ABOUT THIS EXERCISE: From the listing below, restate word for word the lines from the line containing "UNFINISHED. Metal scaffoldings" down through the line containing "1954_Ford-22-23". Exclude pictures.

THE DATA:
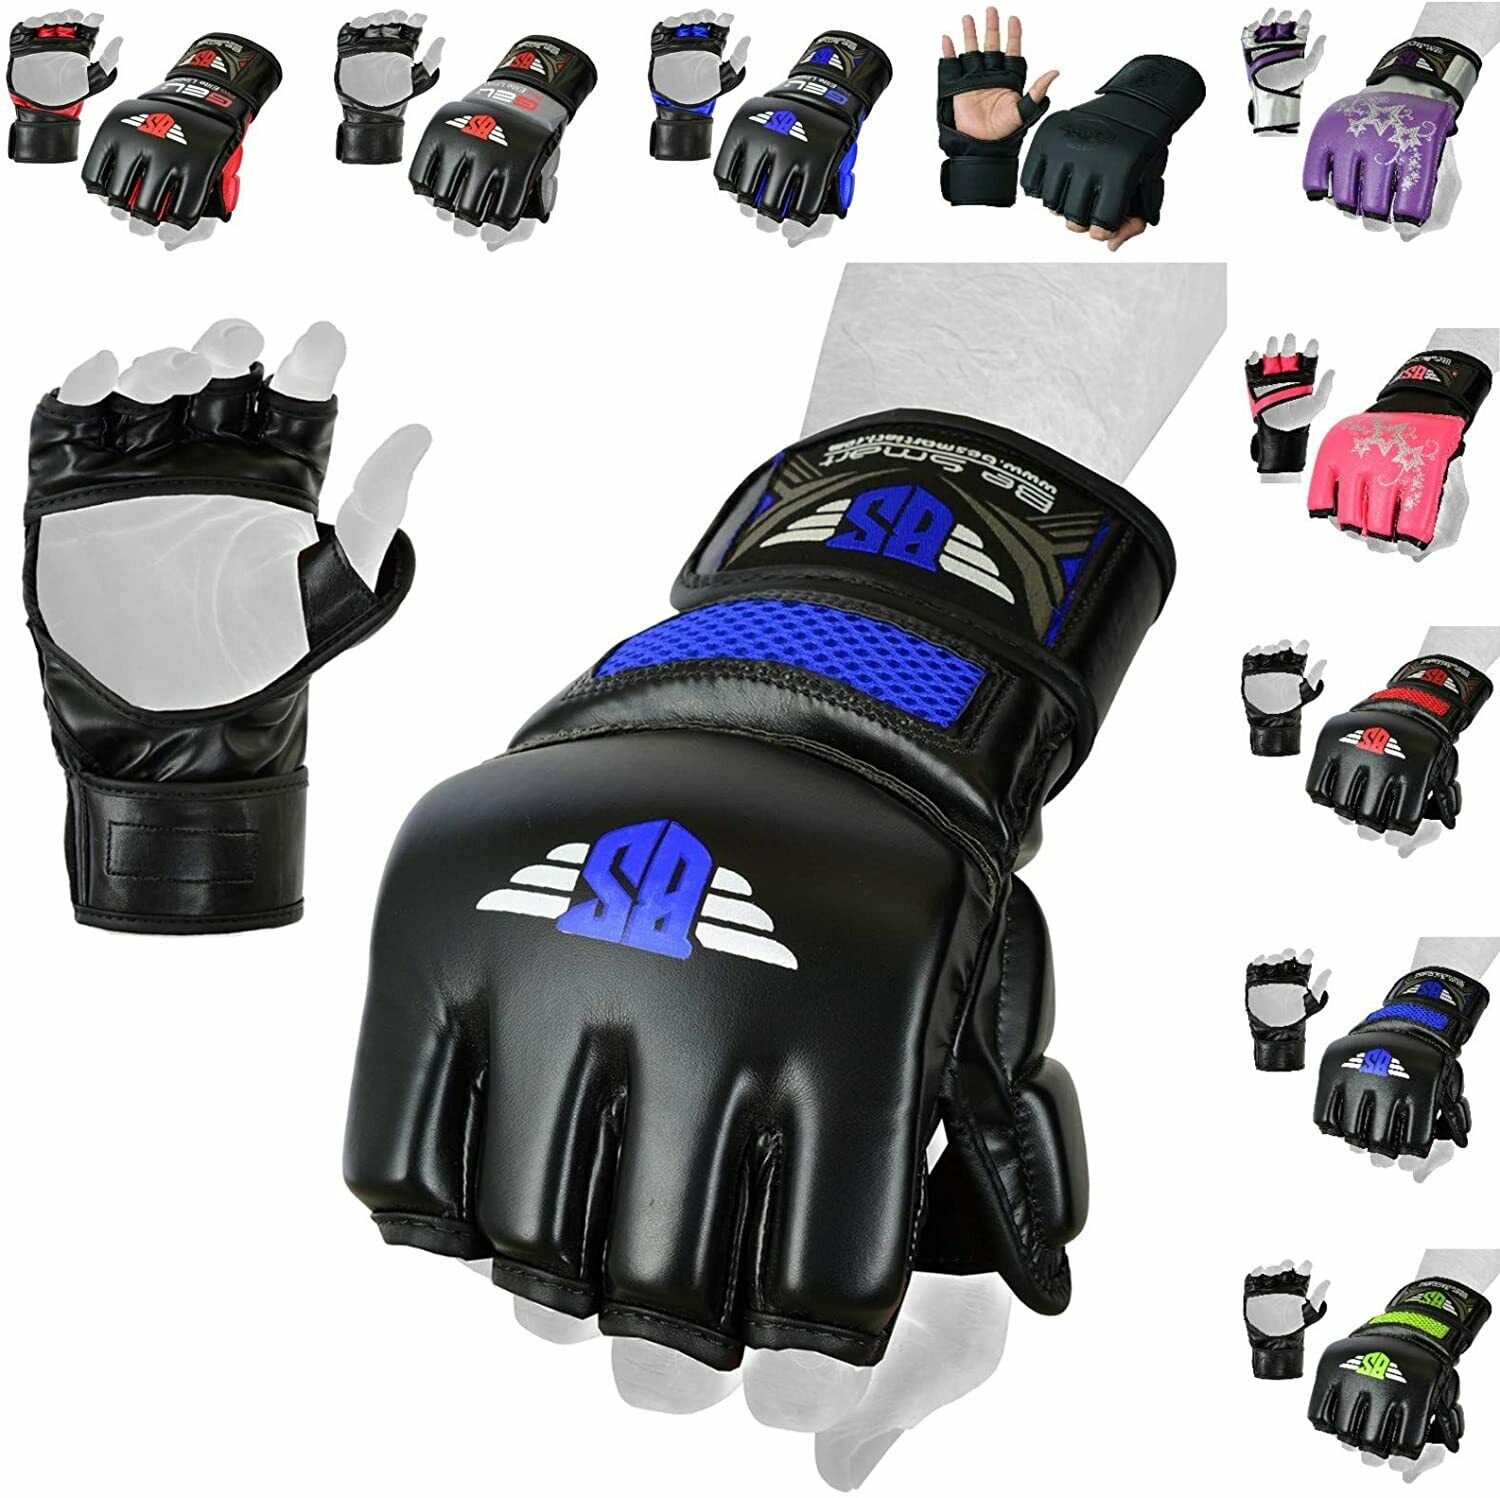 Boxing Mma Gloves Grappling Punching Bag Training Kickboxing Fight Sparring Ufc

* * *

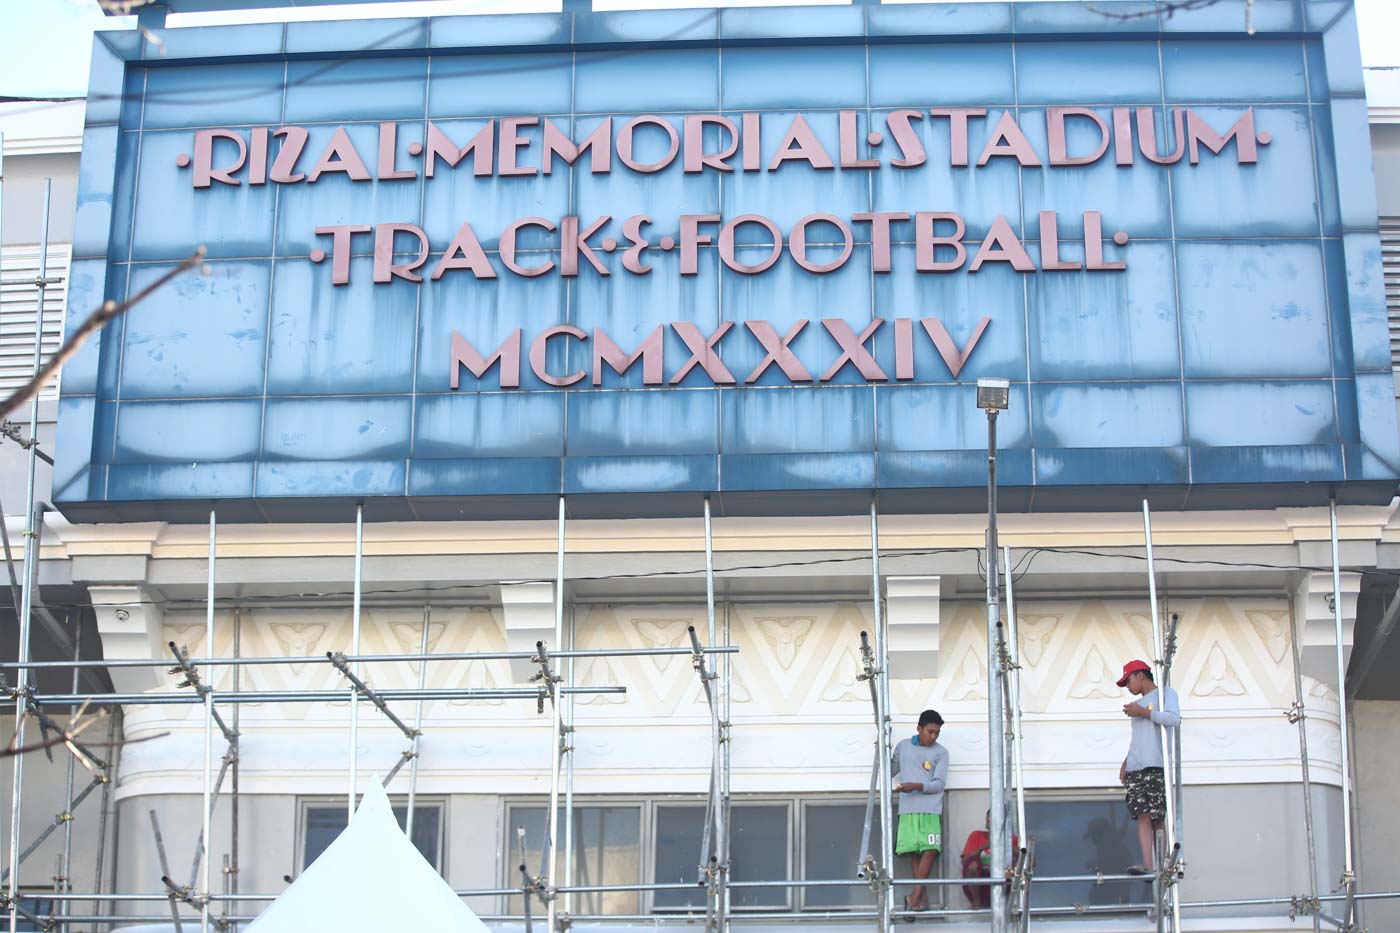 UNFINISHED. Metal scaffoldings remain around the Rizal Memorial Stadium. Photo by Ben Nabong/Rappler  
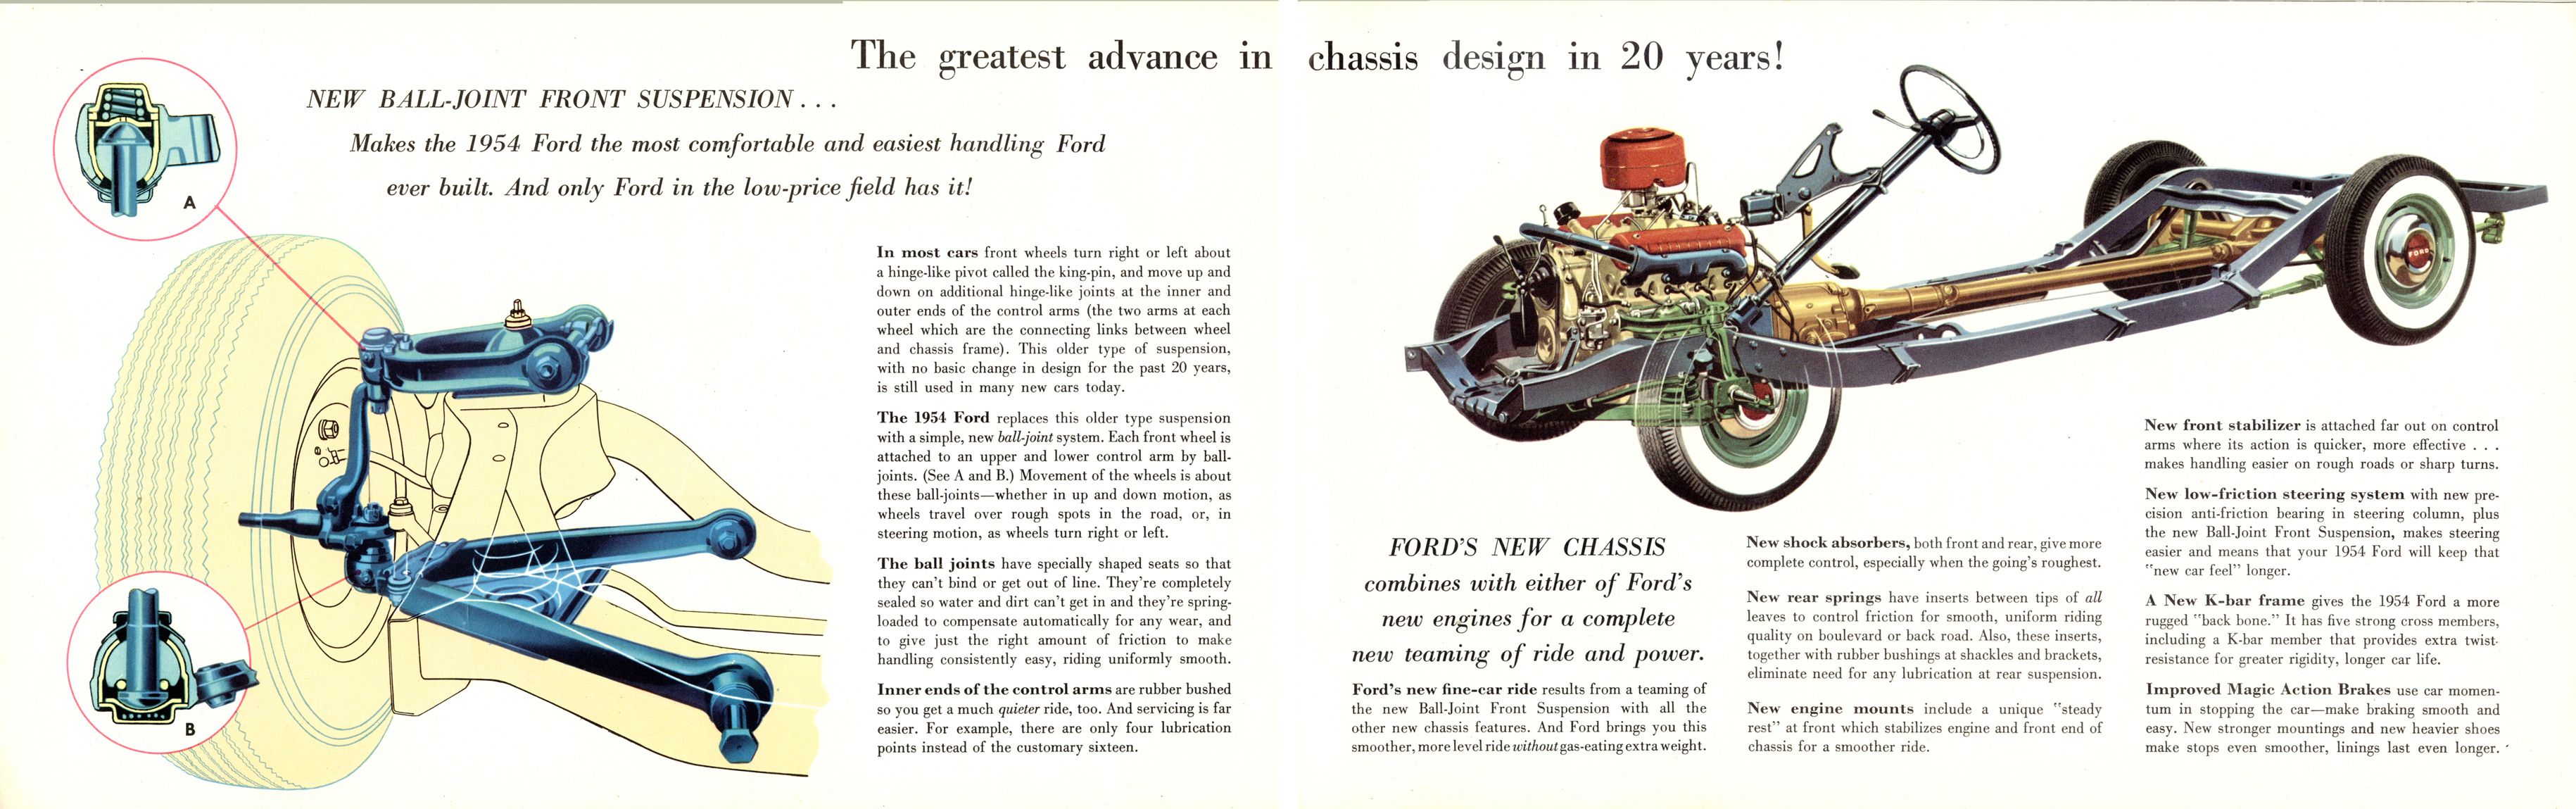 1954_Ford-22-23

EXERCISE ANSWER:
 UNFINISHED. Metal scaffoldings remain around the Rizal Memorial Stadium. Photo by Ben Nabong/Rappler  
 1954_Ford-22-23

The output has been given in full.